Ну не говорить же ей всю правду! Ответил уклончиво:
— Да нет… А может… Не знаю. Умные жены, если рога наставляют, делают это так, что ни одна собака, не говоря уже о муже, не узнает… А разошлись почему? Черт его знает… По дурости, наверное.
— Не поминай нечистого, — торопливо обмахнулась накрест женщина и опять привычно начала цедить в мерный стаканчик водку. — По дурости, говоришь… Так то ж по молодости можно подурить. Но ведь сейчас ты уже не мальчик. Сейчас тебе баба нужна, которая приструнила бы хоть немного.
— Да кому я нужен, — вяло возразил Харченко, слегка осоловевший от непривычно сытного завтрака.
Наташка повернулась от окошка, где сквозь поцарапанное стекло тупо и просительно глядела небритая похмельная рожа. «И я ведь по утрам так же выгляжу», — невпопад кольнуло Александра.
— А хоть бы и мне, — вроде бы в шутку улыбалась продавщица. Но глядела иначе, нешуточно, по-женски глядела, с бабьей неприкаянностью затаенной. — Давай вместе жить — ты у меня огурчиком выглядеть будешь… Тогда и стержень жизни твой быстро появится.
Повернулась к сизоносой щетинистой личности:
— Вали отсюдова, алкаш! — и, оттянув защелки, с треском опустила скользнувшее в пазах оргстекло.

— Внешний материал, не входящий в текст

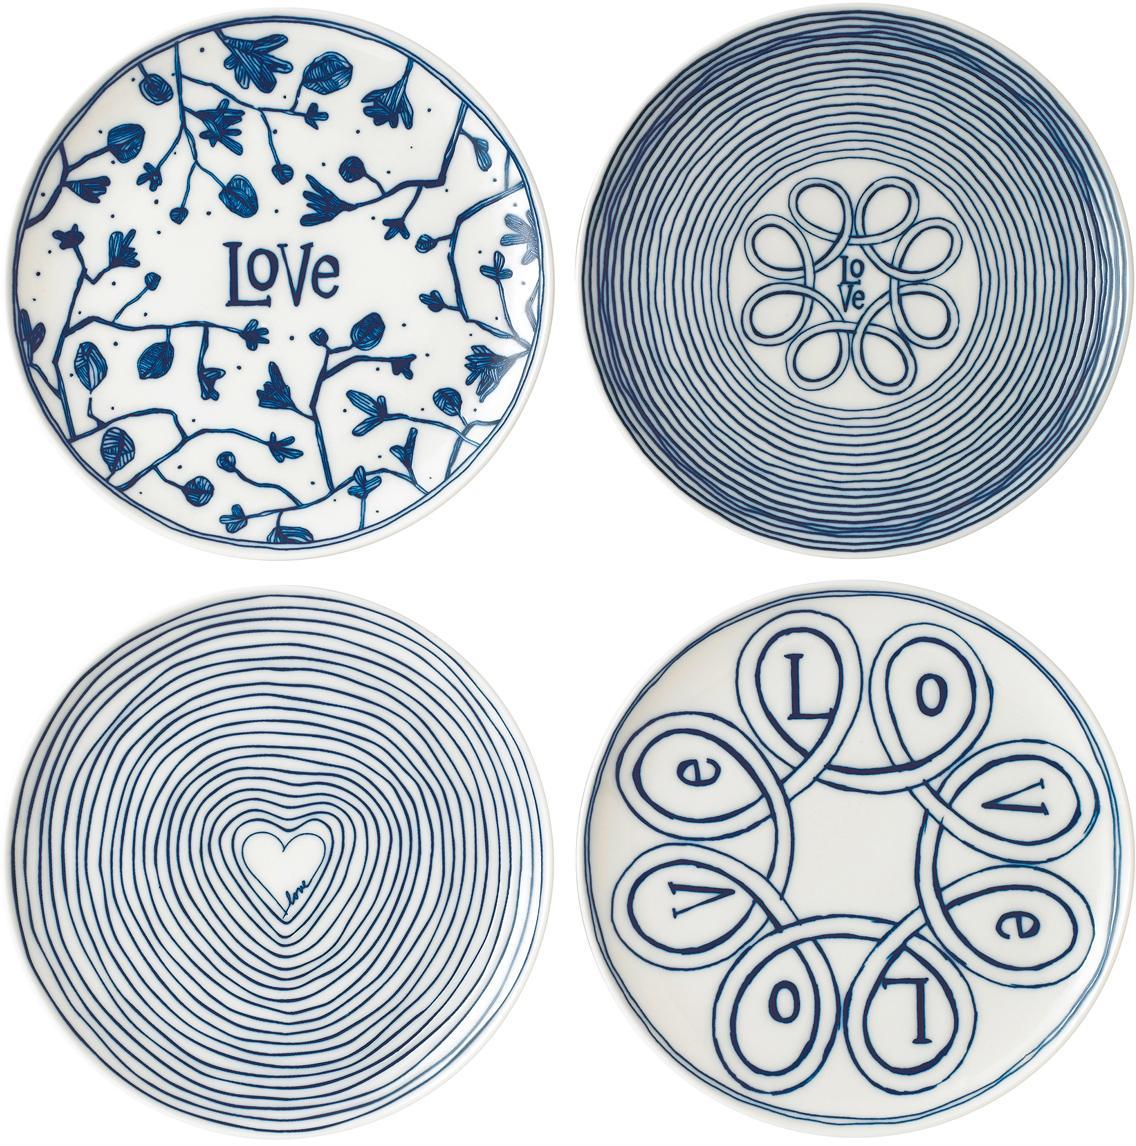 Ontbijtbordenset Love in wit/blauw met patroon, 4-delig, Porselein, Ivoorkleurig, kobaltblauw, Ø 21 cm

Прикрыла проем раскрывшимся на шарнирах металлическим ставнем.
Подошла к ошеломленному заявкой Александру.
— Ты, Сан Саныч, не думай, я ведь не просто так, не шаболда какая лимитная. Квартирка у меня имеется, обстановочка — все как следовает. Да и деньжата какие-никакие всегда в наличности. Хозяйка я хорошая. То, что постарше тебя буду, — так ведь и ты уже не мальчик. Вон Киркоров женился, считай, на собственной бабушке — и ничего, счастливые как будто, живут. Да и не зову я тебя жениться. Пока так просто поживем, а там видно будет…
Она надвинулась на Александра. Пышная, грудастая, жадный огонь в глазах… Несвежий халат с глубоким вырезом… Прямо перед глазами оказалась волнующая ложбинка между необъятными грудями.
— Наташка, подожди…
А она уже стояла вплотную. Александр откинулся к стене на низеньком стульчике, глядел на Наташкино лицо над туго оттопыренным халатом.
— Что, рангом тебе не подхожу? — Она говорила негромко, страстно пришептывая. — Как же, торговка в «реаниматоре»… Но если тебя не приструнить, ты же без бабы совсем сопьешься…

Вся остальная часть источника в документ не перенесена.